• _What this task involves_
Please write out all of the data below exactly, without including the pictures.

• _Input data_
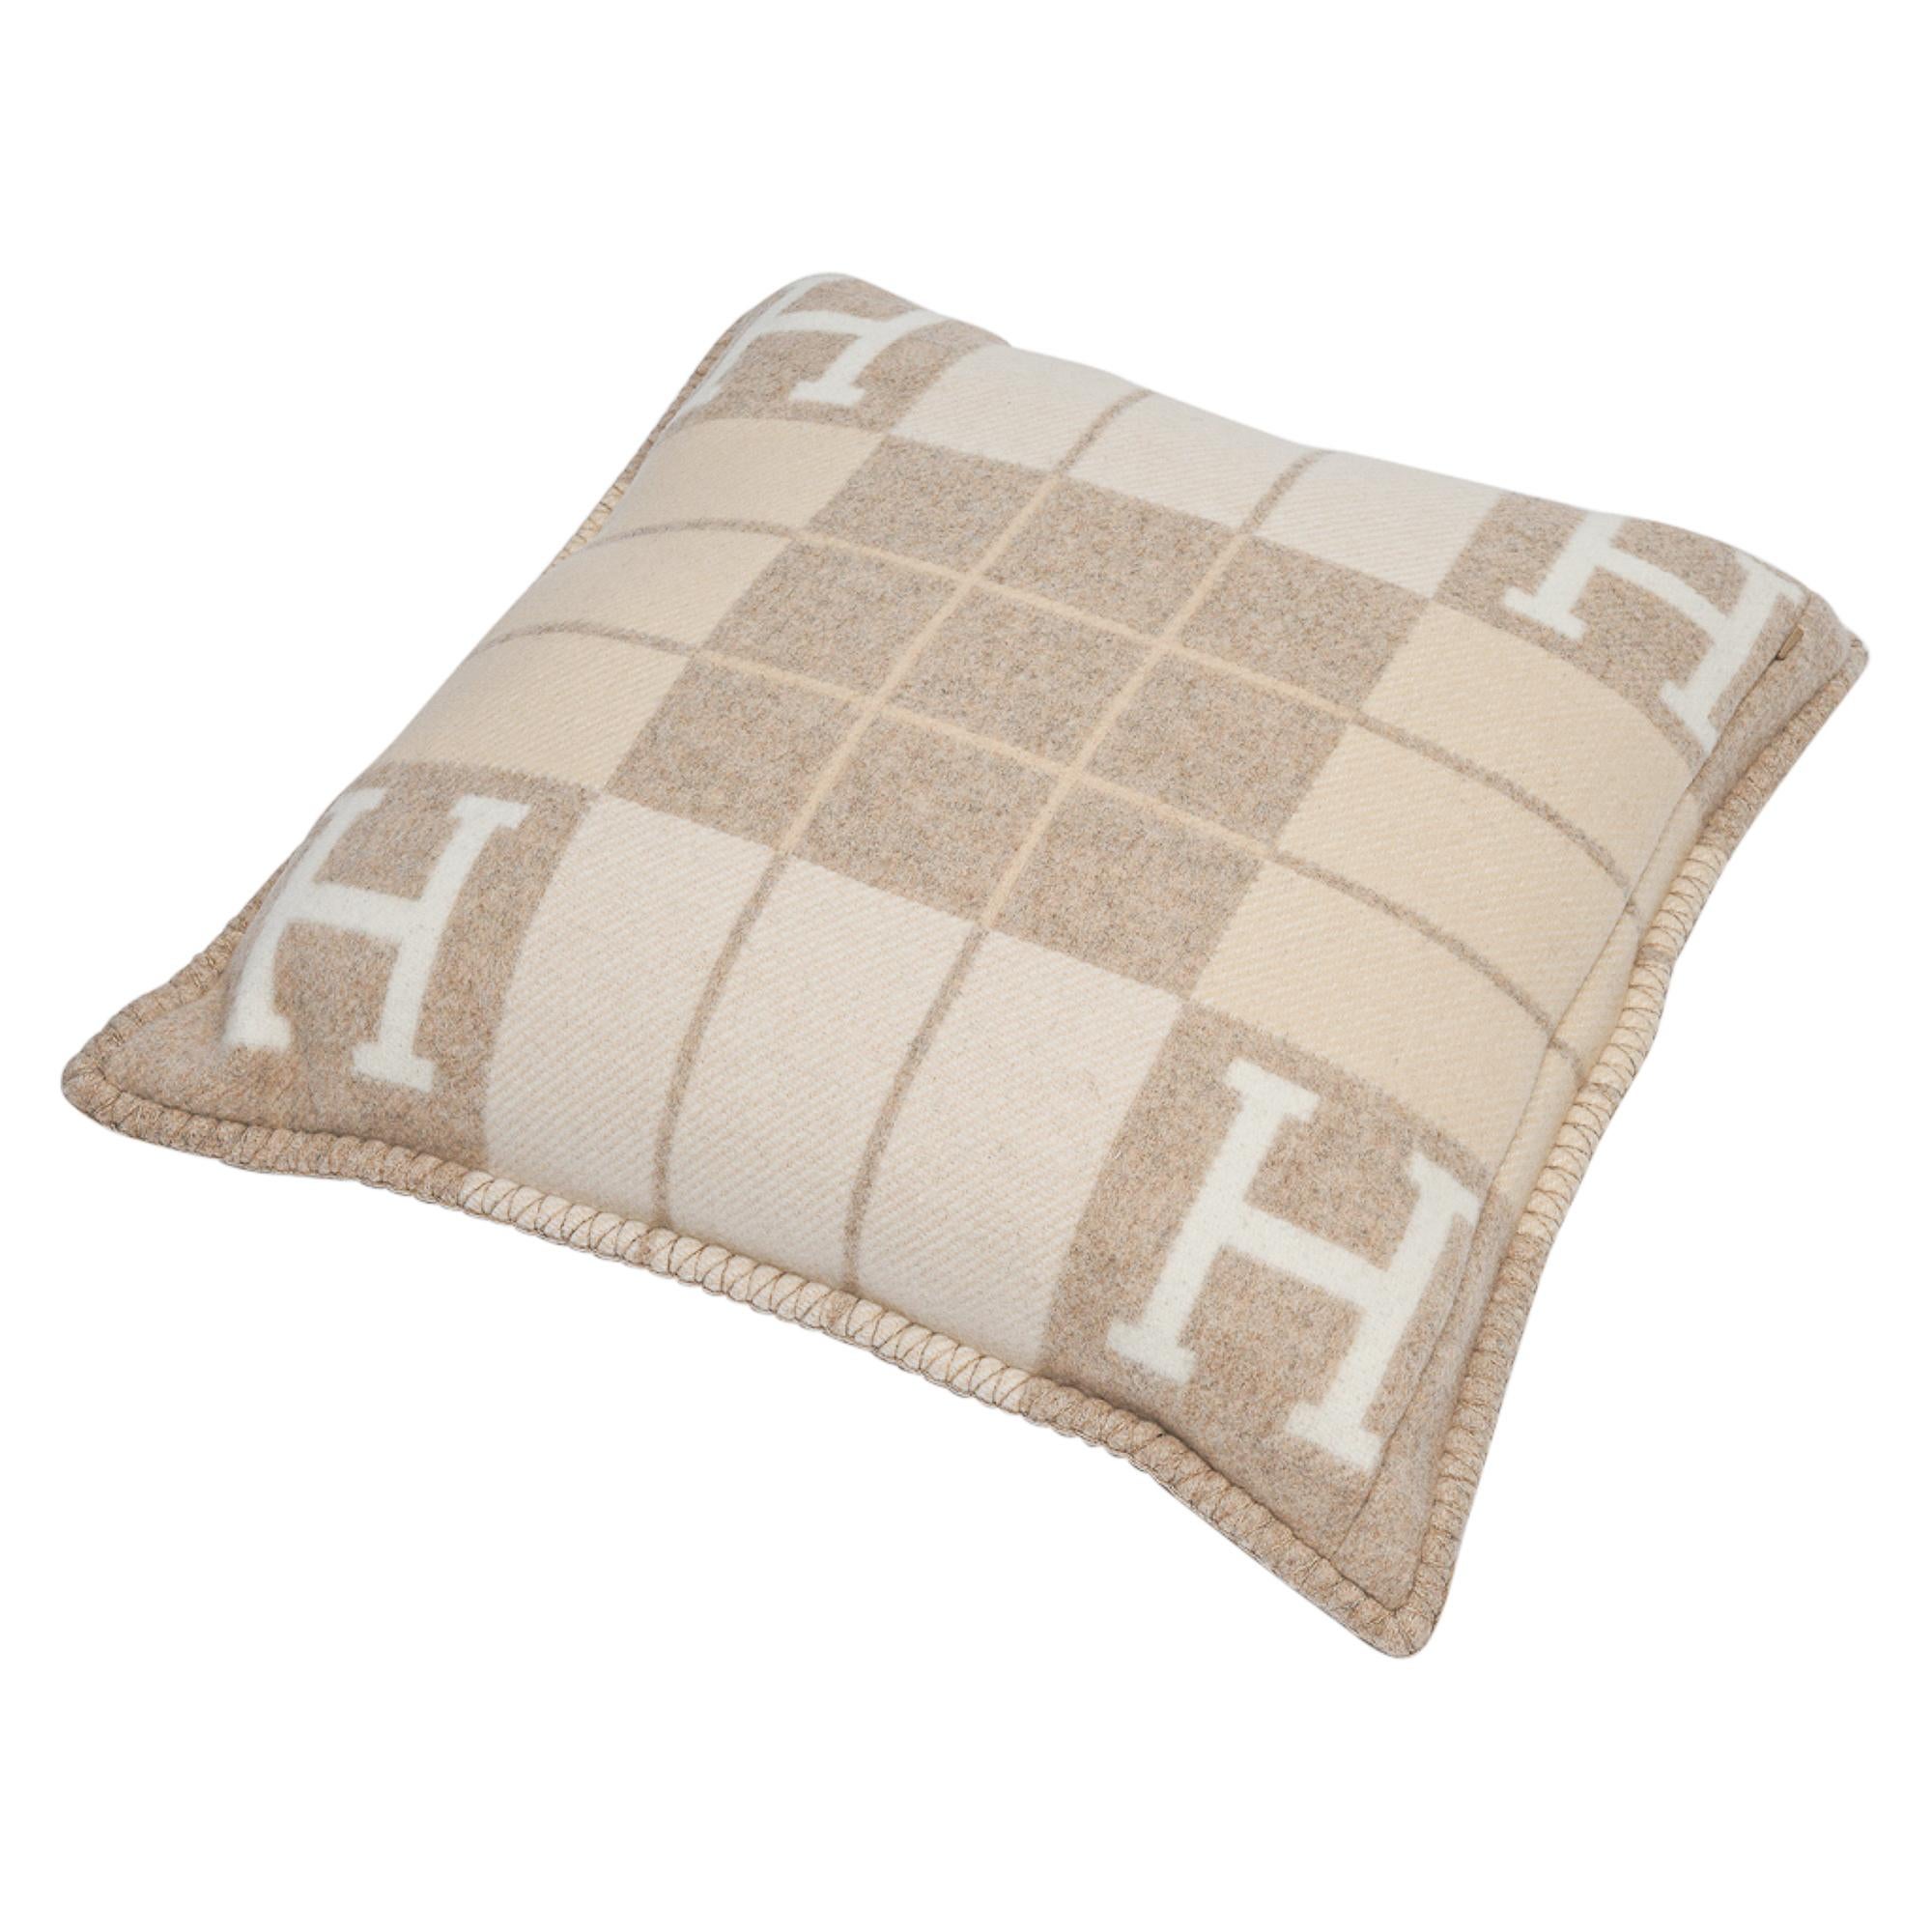 Mightychic offers a set of two (2) Hermes classic PM Avalon III signature H pillow Coco and Camomille.
The removable cover is created from 85% Wool and 15% cashmere and has whip stitch edges.
Comes with sleeper.
New or Pristine Store Fresh

• _Response area_
 Mightychic offers a set of two (2) Hermes classic PM Avalon III signature H pillow Coco and Camomille.
The removable cover is created from 85% Wool and 15% cashmere and has whip stitch edges.
Comes with sleeper.
New or Pristine Store Fresh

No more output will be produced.